Whether it's the launch of Google's new photo service, Google Now or the new Android, machine learning appears to be an emerging common thread.
Google rolled out Google Photos and the differentiator is going to be search and machine learning to categorize them.
The pitch with Google Photo is that the search giant will create a home for photos and videos and use machine learning to "make memories not manage them," said Anil Sabharwal, director of Google Photos.
All of this machine learning computing power will rely on Google's computing and cloud infrastructure. Google isn't the only one in the machine learning game---IBM, Microsoft and a bevy of others play in the space---but the search giant has the reach to make the technology mainstream even if it resides in the background.
The other machine learning piece is what Google is doing with Google Now, which is gunning to be more current. Google is hoping to engage customers with a voice request for a name.

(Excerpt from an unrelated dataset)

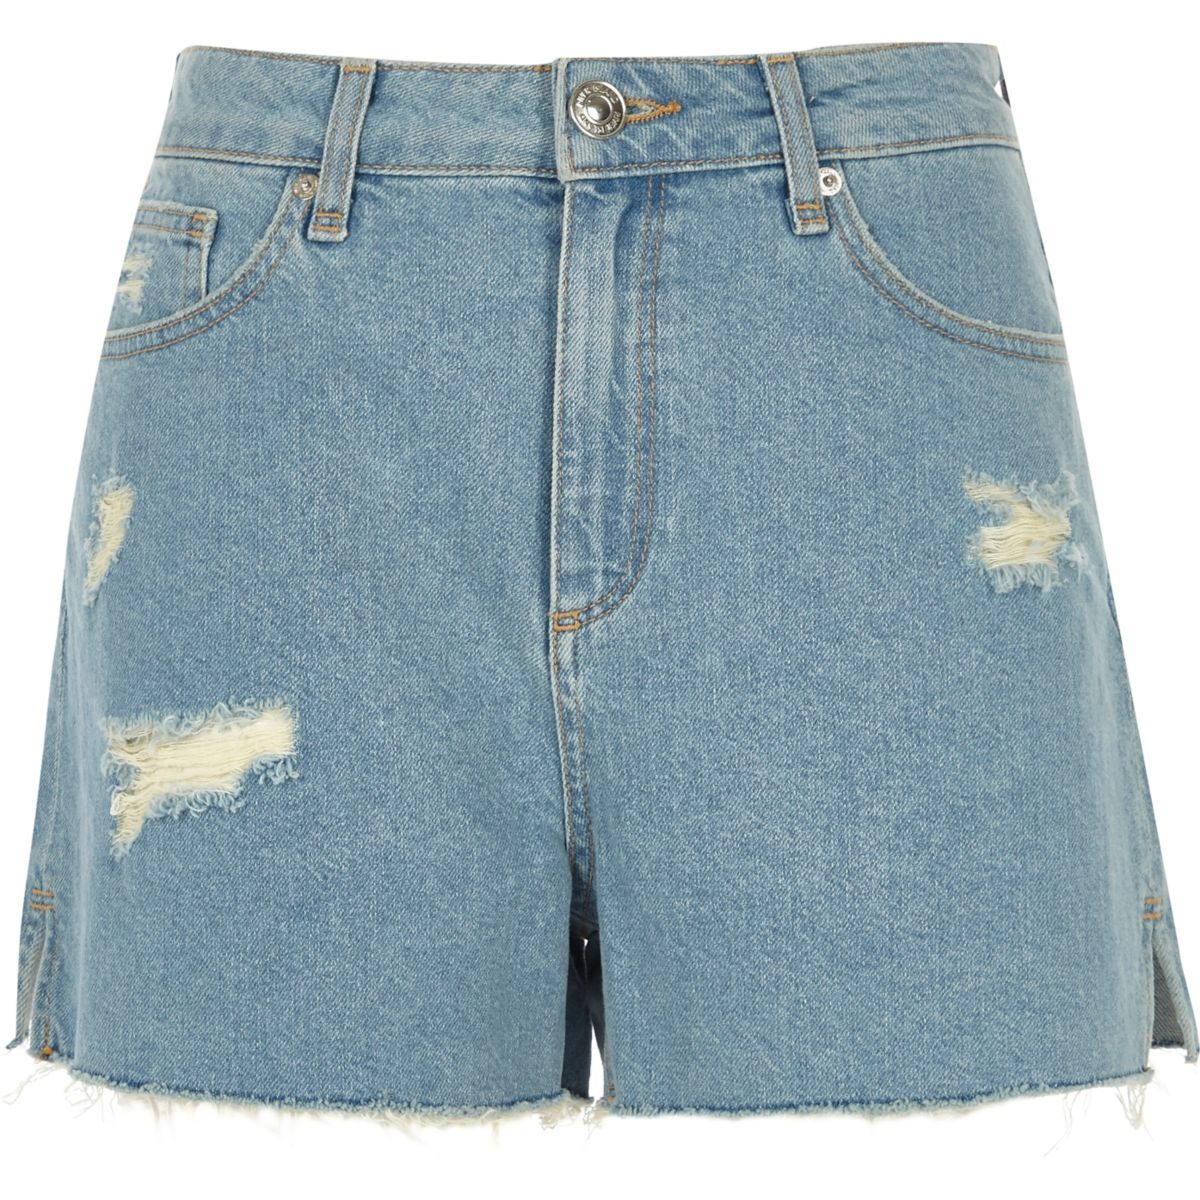 Light blue raw hem distressed shorts

Google Now is also adding an On Tap function that serves as a help me button. The natural language processing is aimed at giving users context and answers quickly.
You can see where Google is heading. "We have built up a natural language processing engine, but we have also built up this powerful context engine, and we understand more than 100 million places," said Aparna Chennapragada, director of Google Now.
All of this is possible because Google has improved its speech recognition accuracy from a 23 percent word error in 2013 rate to 8 percent today.
"We have the best investment in machine learning over the past many years," said Sundar Pinchai, senior vice president at Google. Machine learning and deep neural nets aren't exactly new, but Pinchai made the case that Google has spent its time training.
"What looked like a simple query, we understood voice, we're doing natural language processing," he said. "The reason we are able to do all of this is because of the investments we've made in machine learning."